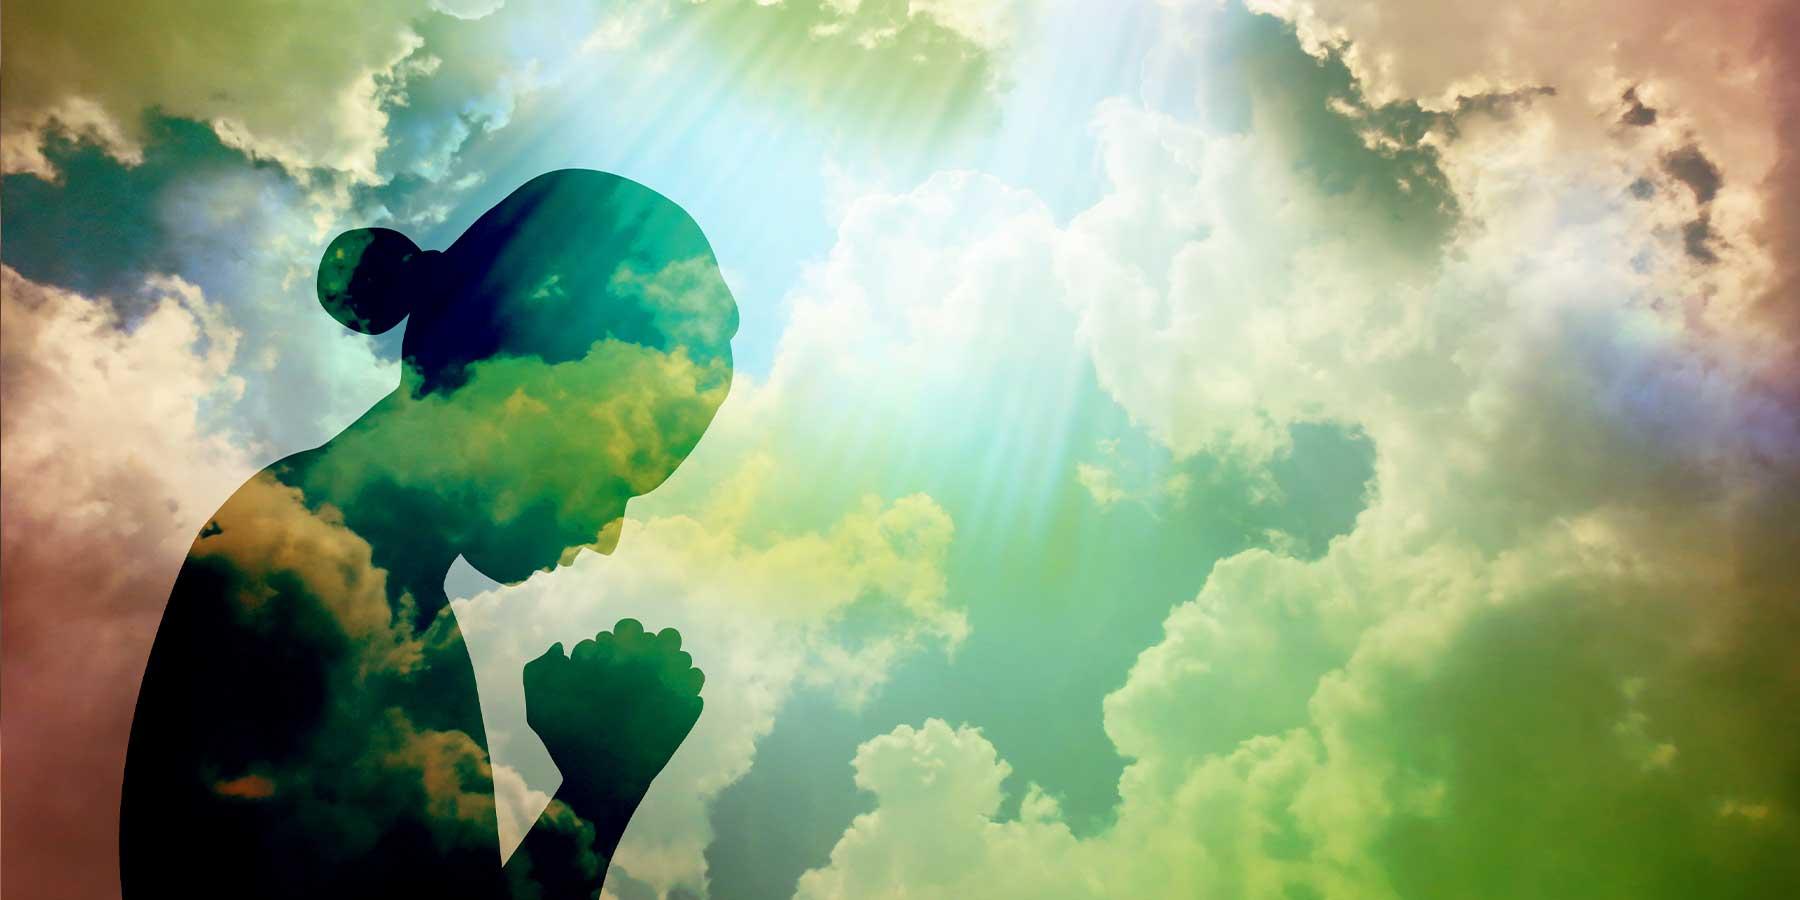 God's world
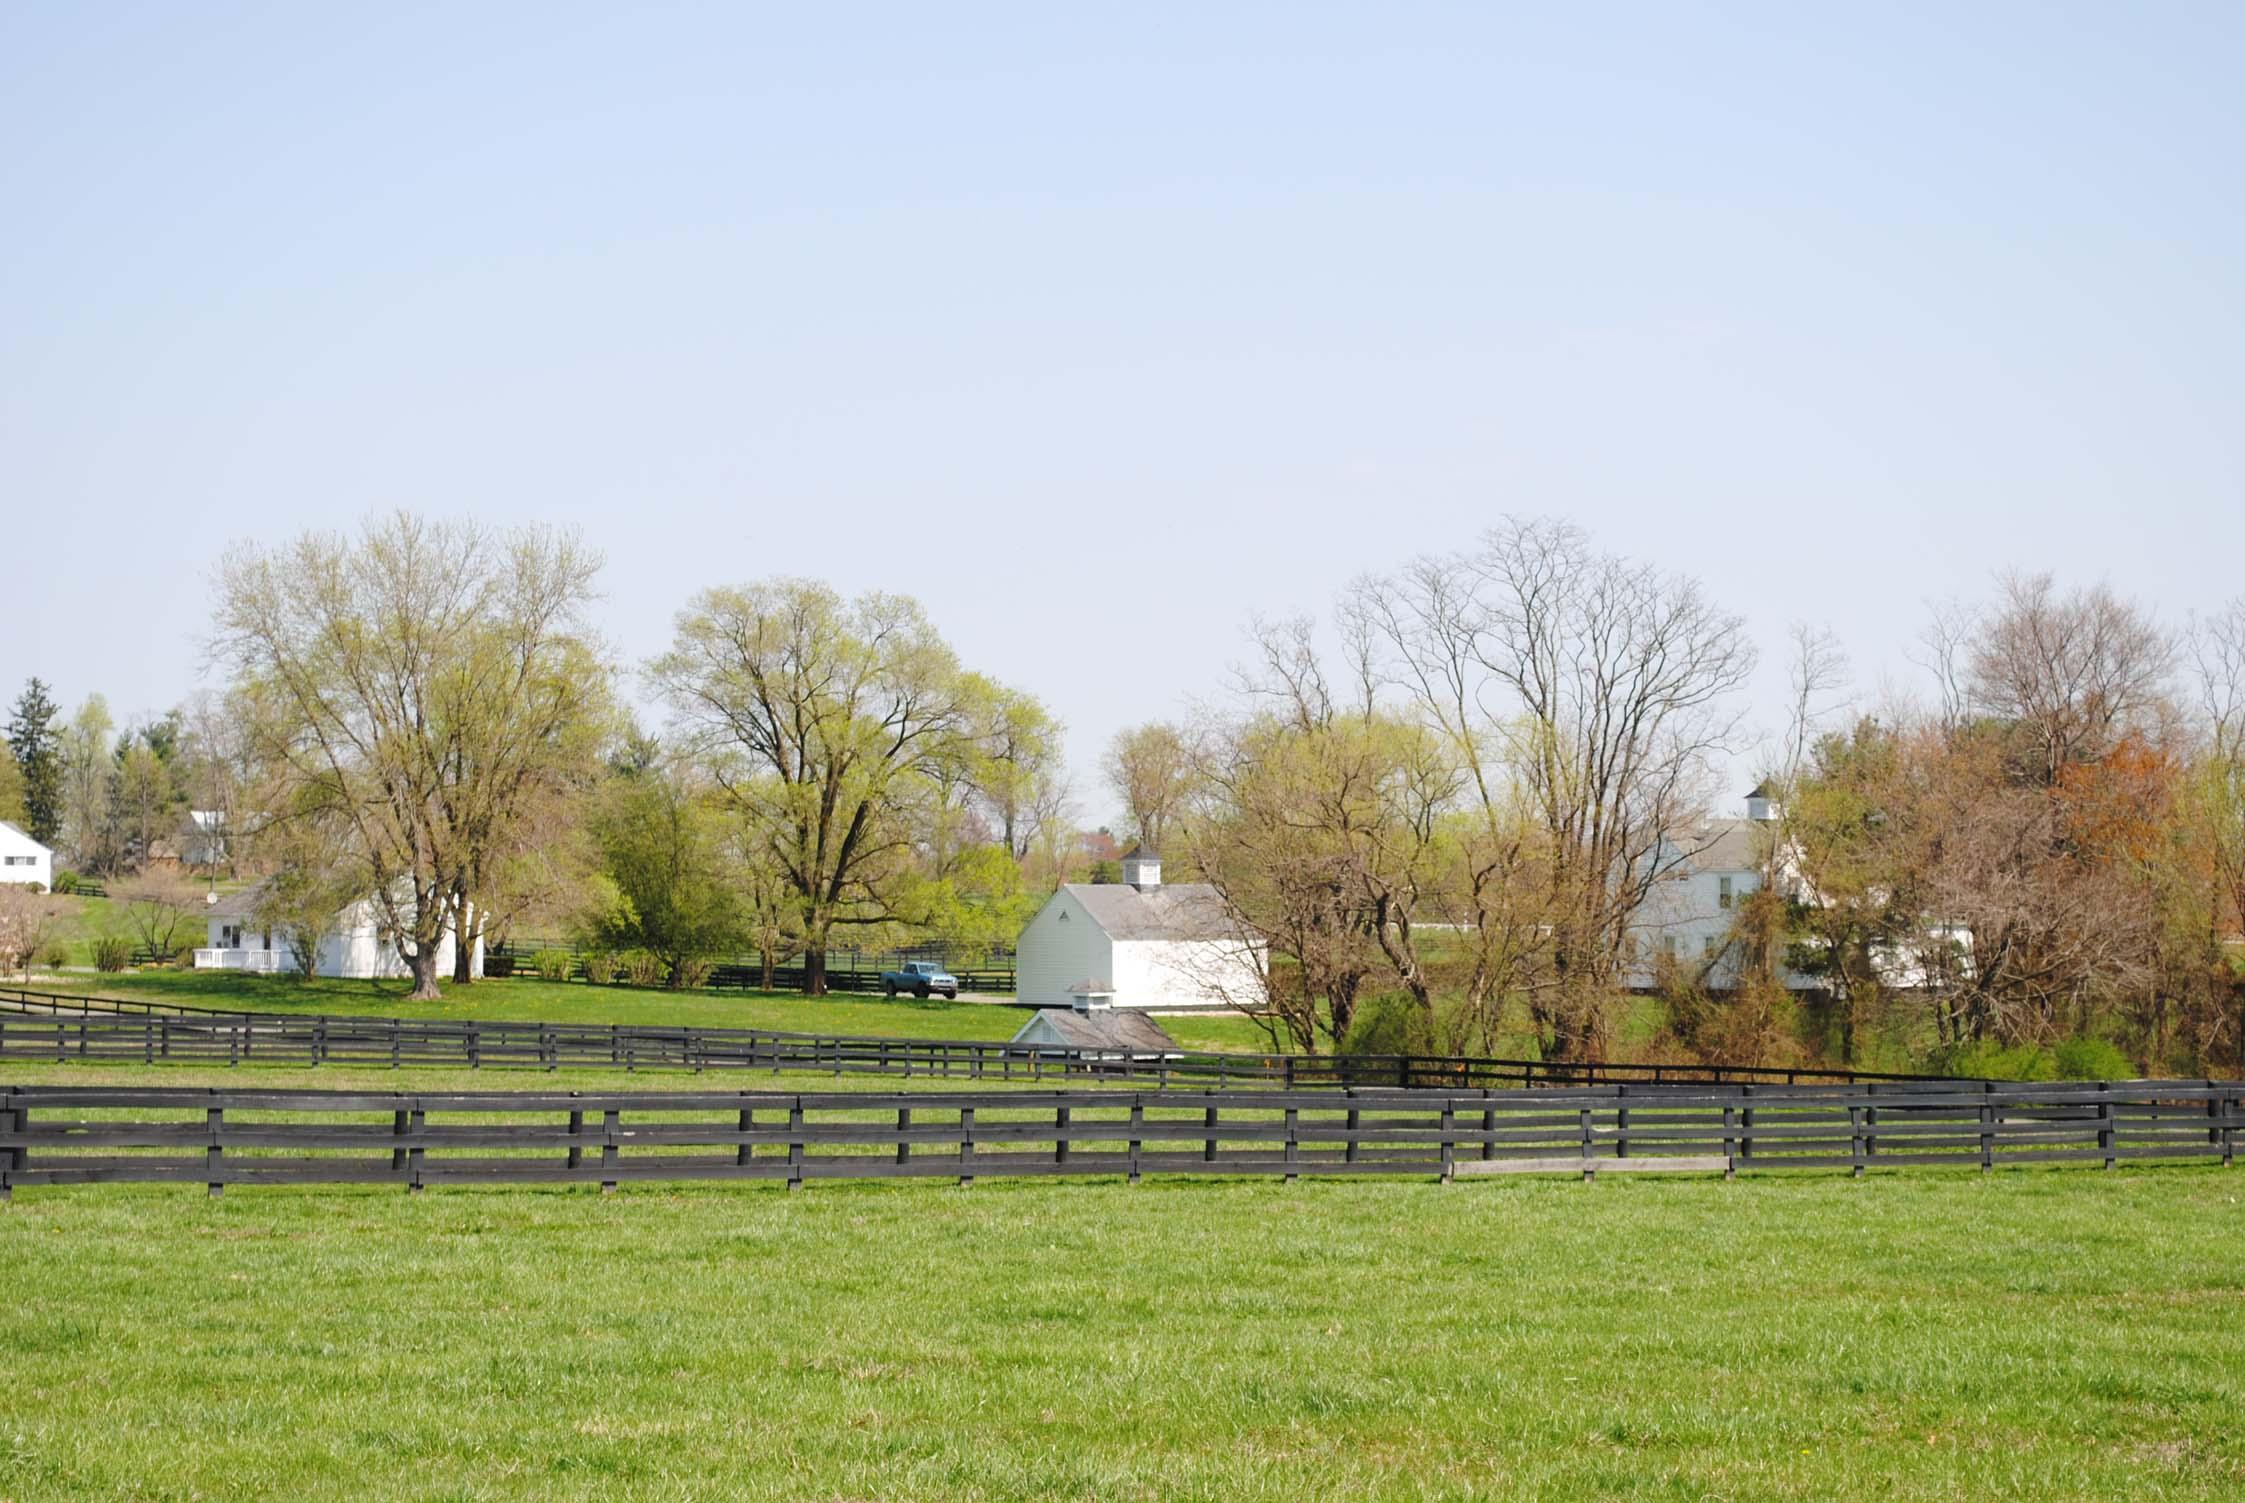 Burrland Farm Historic District
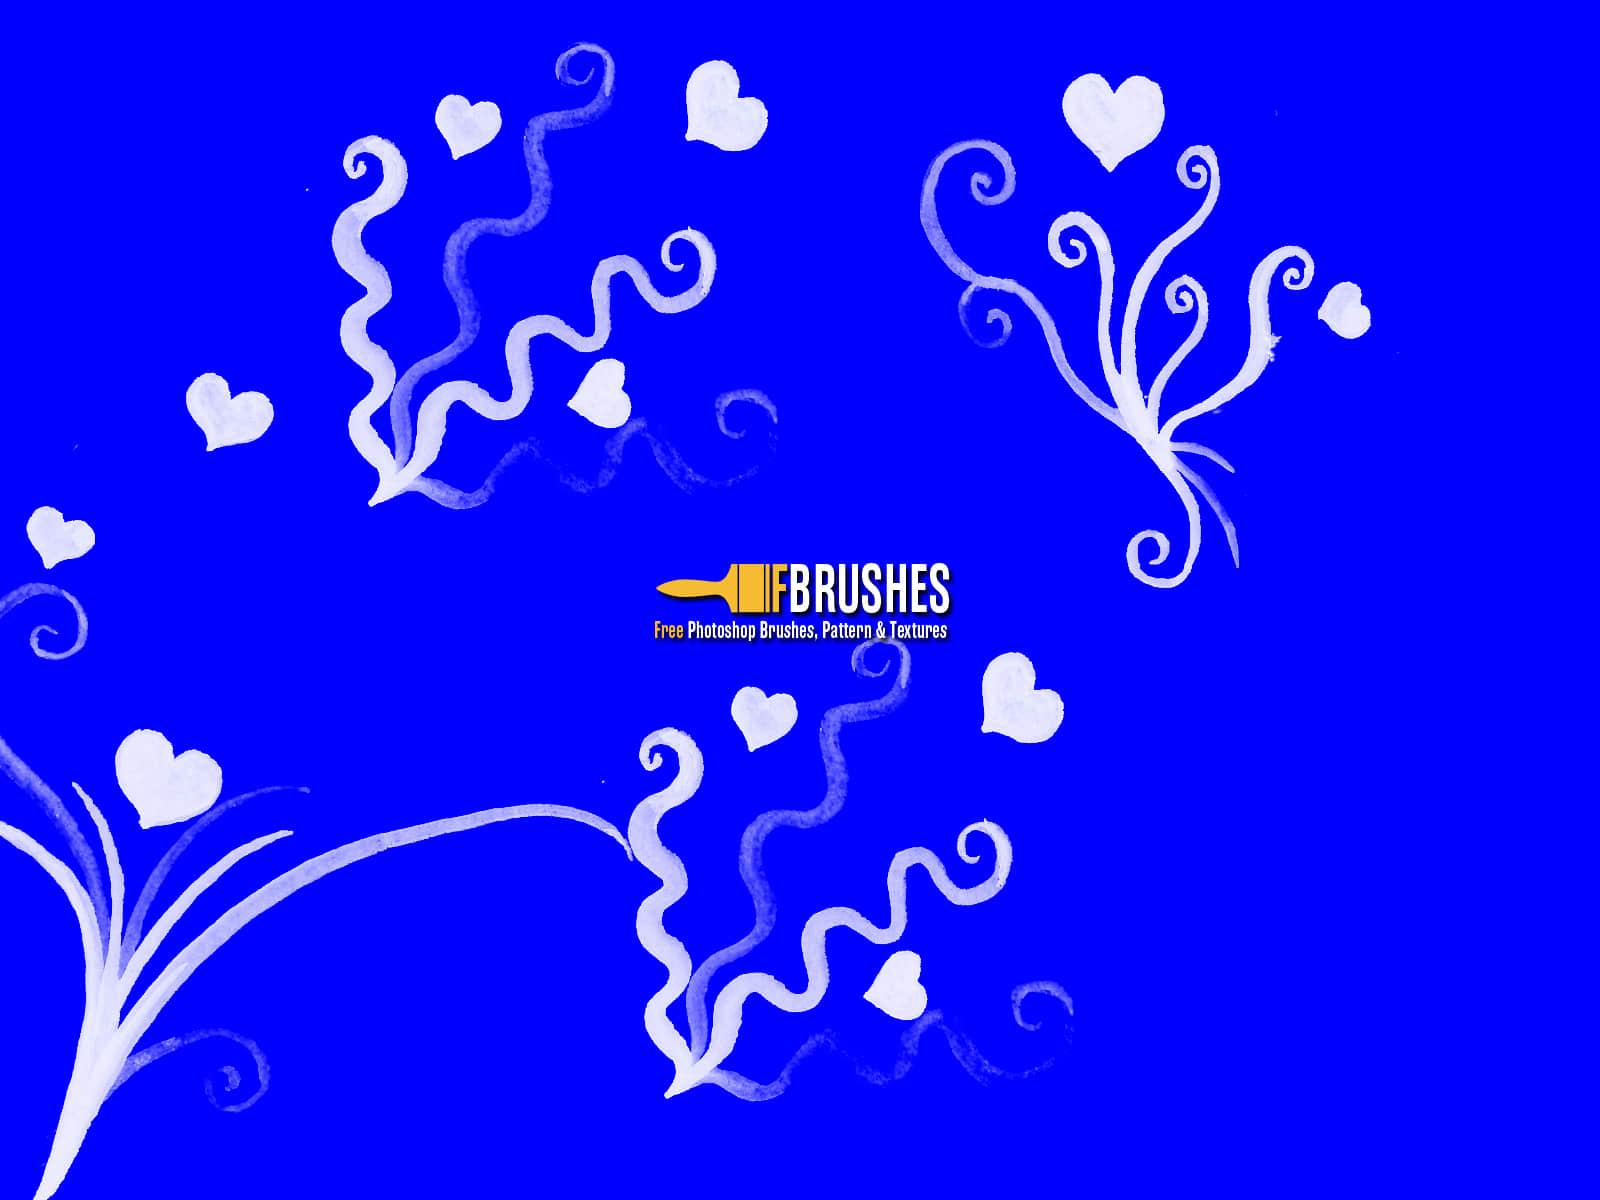 童趣涂鸦爱心花纹PS爱情纹饰笔刷 童趣笔刷 爱情笔刷 爱心笔刷 植物花纹笔刷 情人节笔刷  adornment brushes flowers brushes love brushes
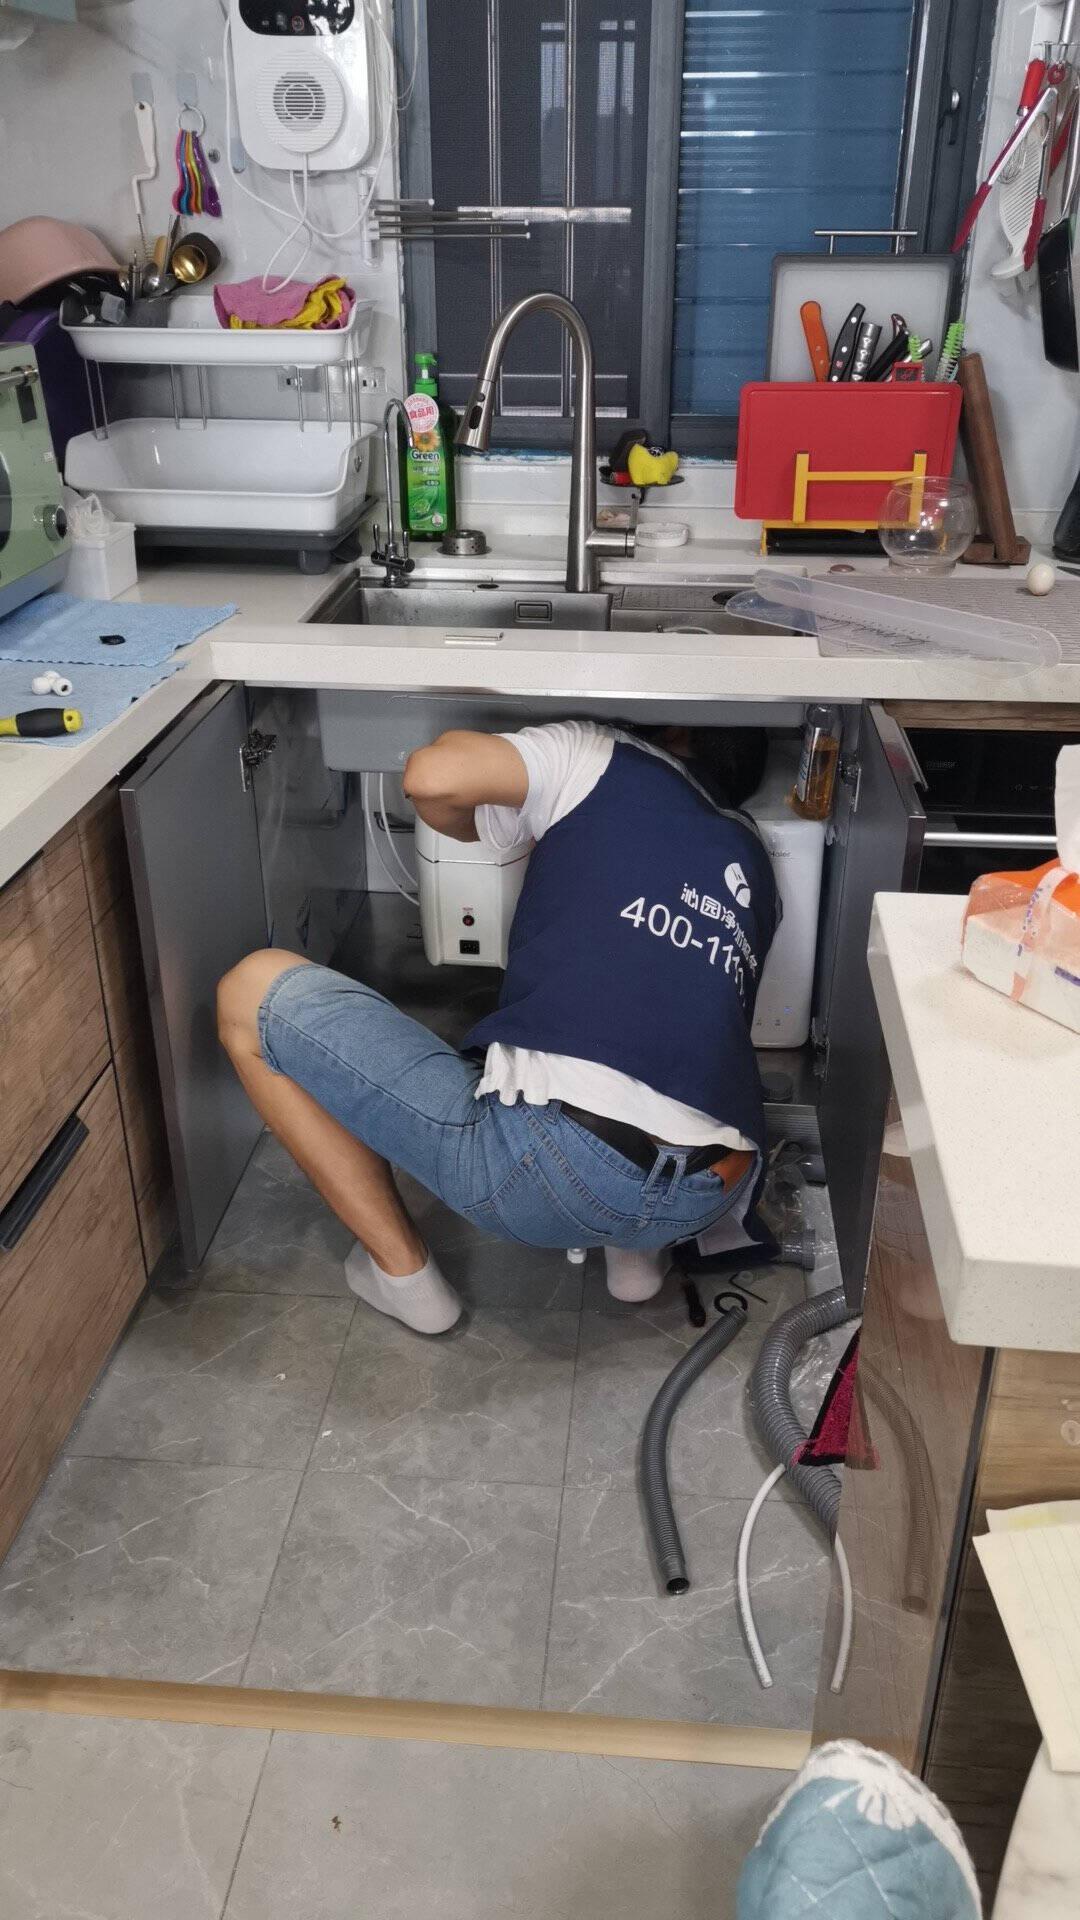 余库厨房垃圾处理器S6厨房食物垃圾粉碎机650w大功率自动进水家用食物垃圾粉碎机S6-白色

+===+

What to produce: Set down the data again, exactly, without images.

Answer for the task:
 God's world
 Burrland Farm Historic District
 童趣涂鸦爱心花纹PS爱情纹饰笔刷 童趣笔刷 爱情笔刷 爱心笔刷 植物花纹笔刷 情人节笔刷  adornment brushes flowers brushes love brushes
 余库厨房垃圾处理器S6厨房食物垃圾粉碎机650w大功率自动进水家用食物垃圾粉碎机S6-白色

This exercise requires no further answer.